Man Ray and Lee Miller: Partners in Surrealism at the Legion of Honor

Originally published in the Marina Times San Francisco in August 2012

I told him boldly that I was his new student. He said he didn’t take students, and anyway he was leaving Paris on a holiday. I said I know, I’m going with you … and I did. —Lee Miller on meeting Man Ray

The Legion of Honor will showcase the collaboration between the artists Lee Miller and Man Ray from July 14 through October 14, 2012.

Both American expatriates in Paris, Lee Miller and Man Ray lived together from 1929 to 1932. During this time they popularized several photographic techniques including solarization. Their mutual inspiration lead to some of the most legendary works of their careers.

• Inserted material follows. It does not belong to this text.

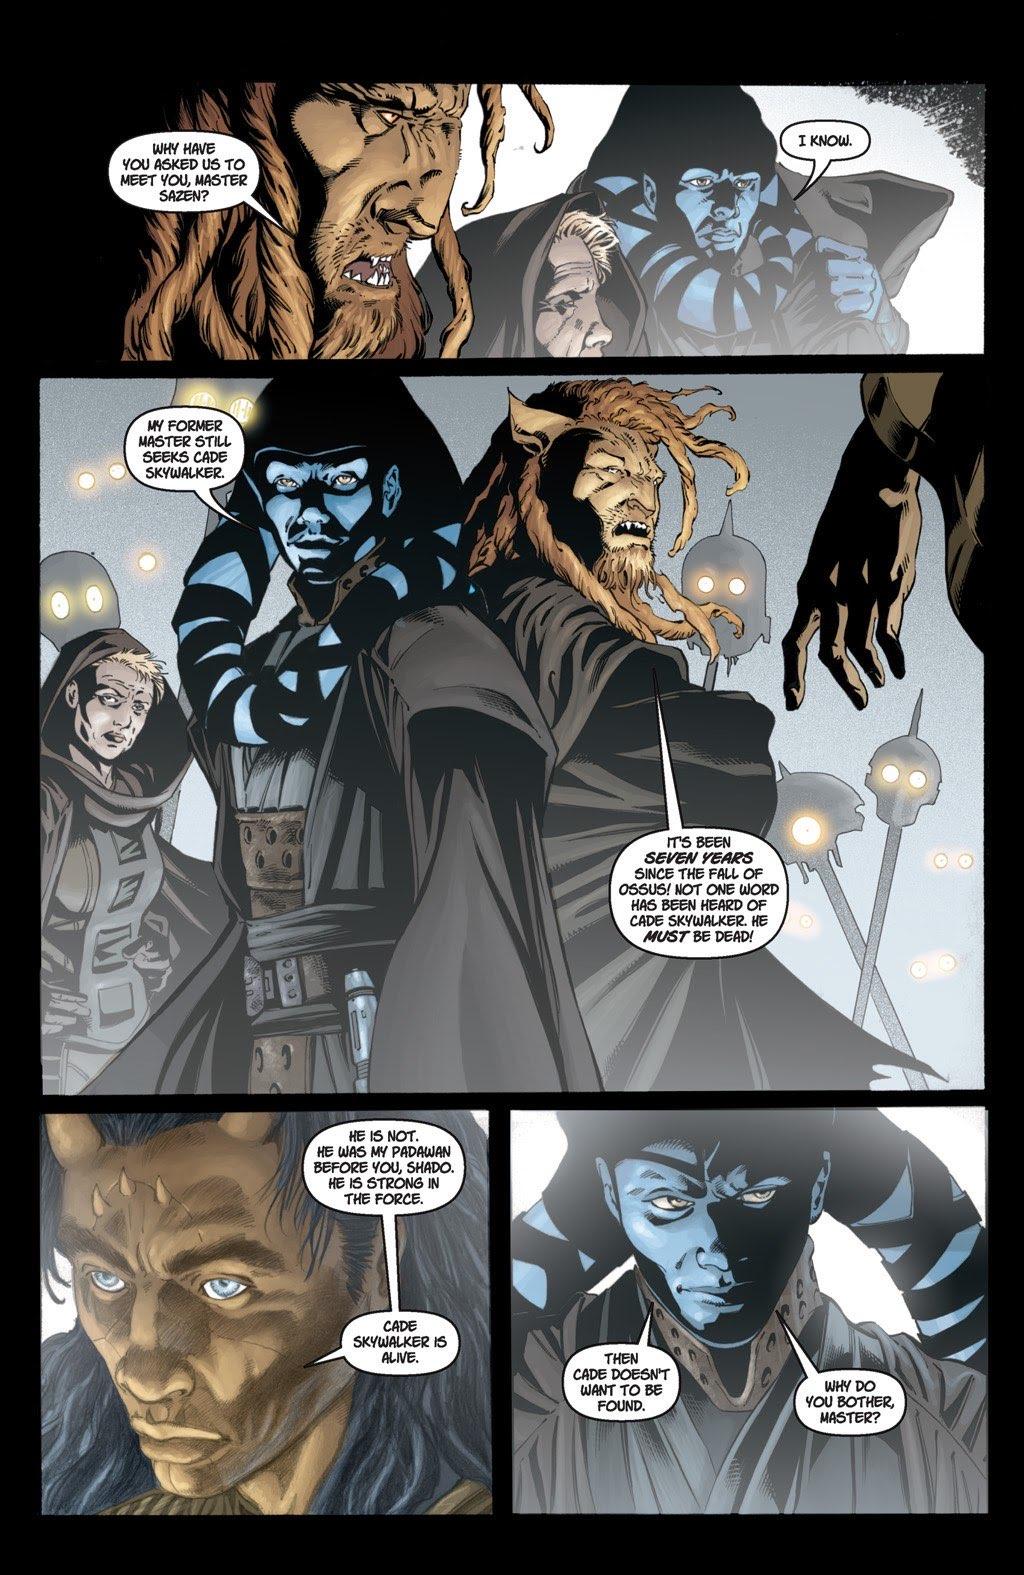 Stomper Showdown R2 #8 - Antares Draco (Informal Geek) vs TUF! Jacen Solo (RNGesus4) A63c4010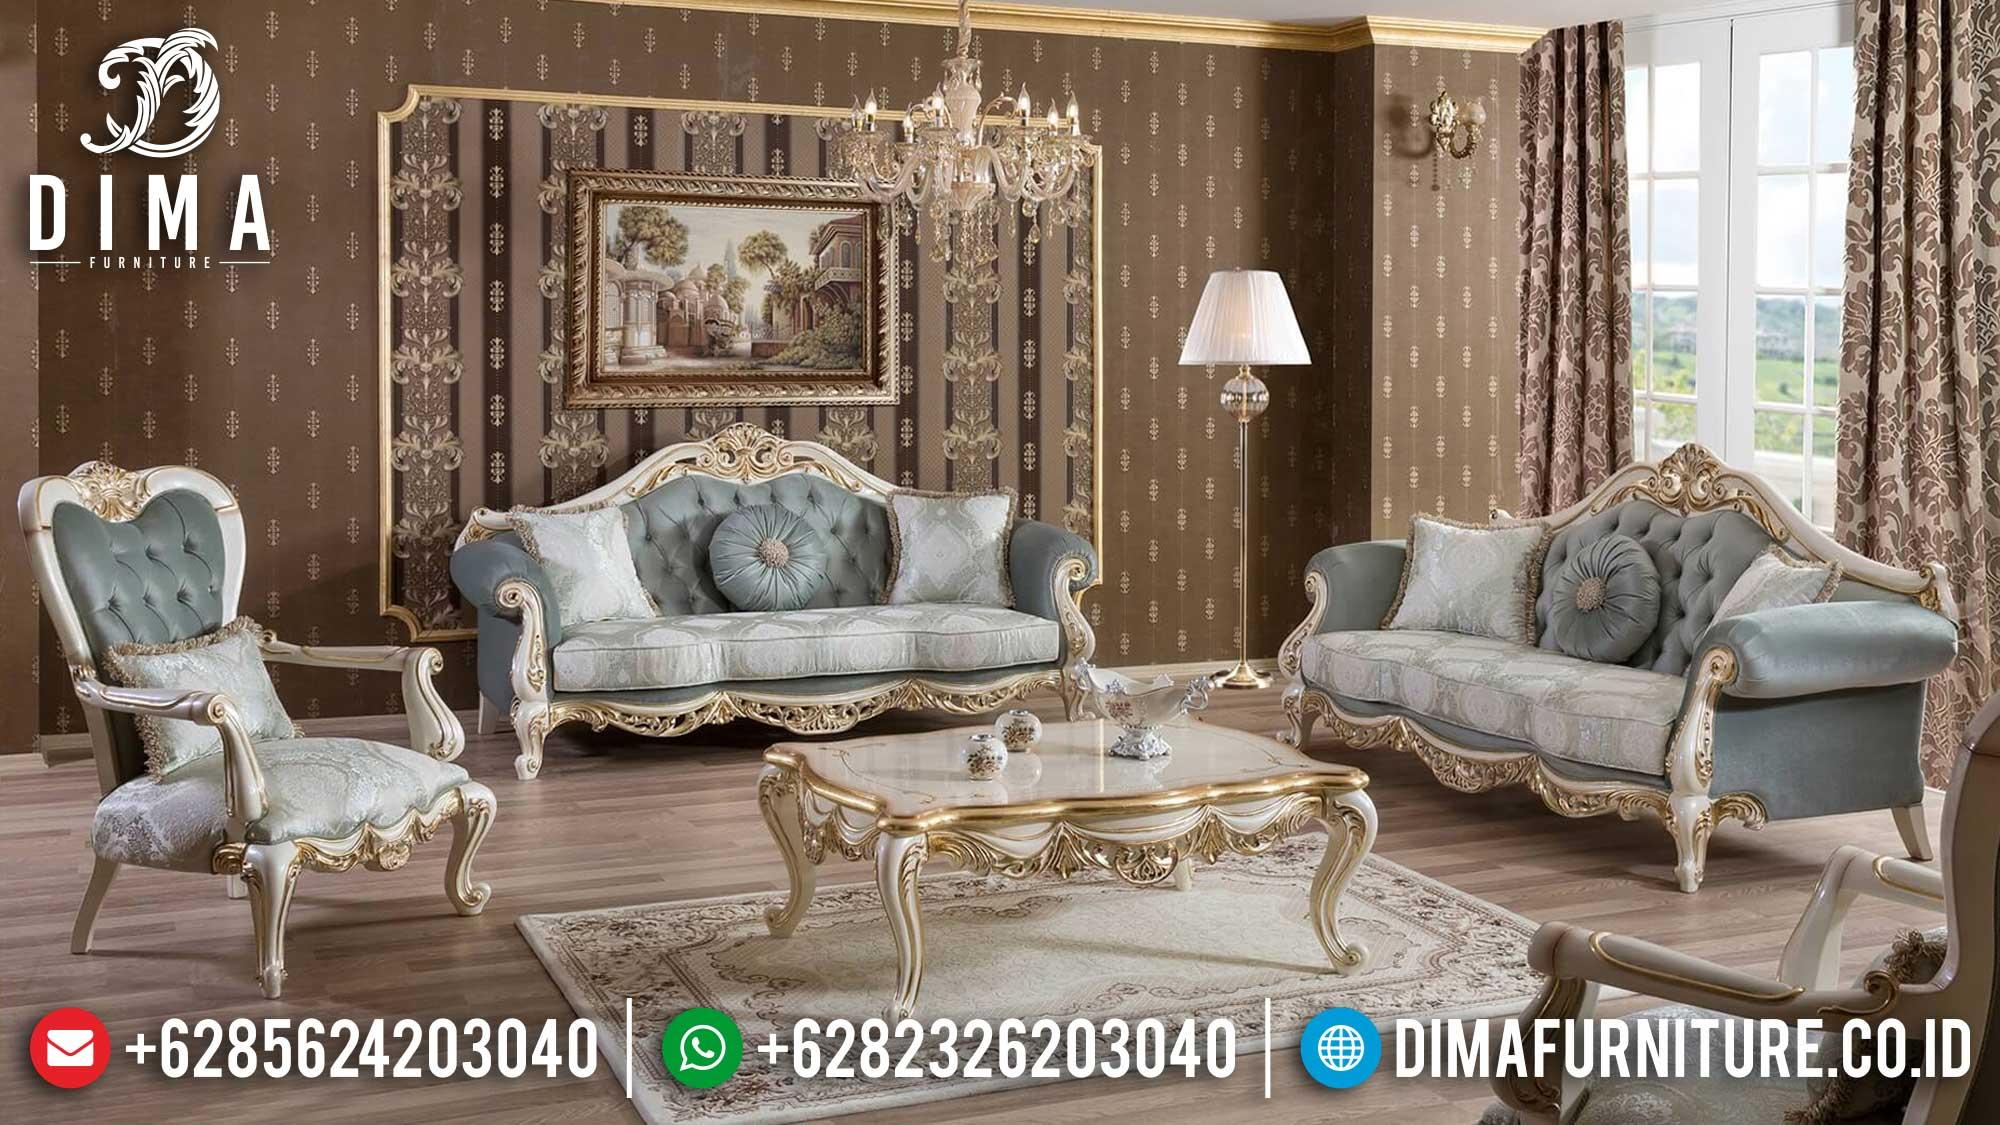 New Set Sofa Tamu Jepara Ukiran Gold Prada Seri Yeni Df-1470

Miller was a commercial photographer and model, and would later become a highly regarded war correspondent for Vogue magazine during the Second World War. While in Paris she had her own photography studio and took commercial assignments as well as developing her own droll Surrealist style. Miller was respected among the Surrealists, and even appeared in Jean Cocteau’s film “Blood of a Poet”.

Galvanized by contemporary European art exhibits such as the famous 1913 Armory Show, Man Ray was inspired to invent Dada objects and to reject conventional artistic subject matter. In 1920 he helped Marcel Duchamp create Rotary Glass Plates, one of the first examples of kinetic art. Soon thereafter he would discover photography, his signature medium: his trademark became the black and white dreamlike representations of strangely juxtaposed images such as the metronome with eye, called “Object to Be Destroyed”.

This exhibit is the first to explore their artistic and romantic relationship. Significantly, this exhibit also puts Lee Miller’s work in a more meaningful context as an equal to her Surrealist compatriots. Like Gauguin and Van Gogh’s collaboration in the Yellow House, the visions of Lee Miller and Man Ray merged into a remarkable synergy that was never to be repeated. That unique moment, and the resulting work, still resonates through the art world.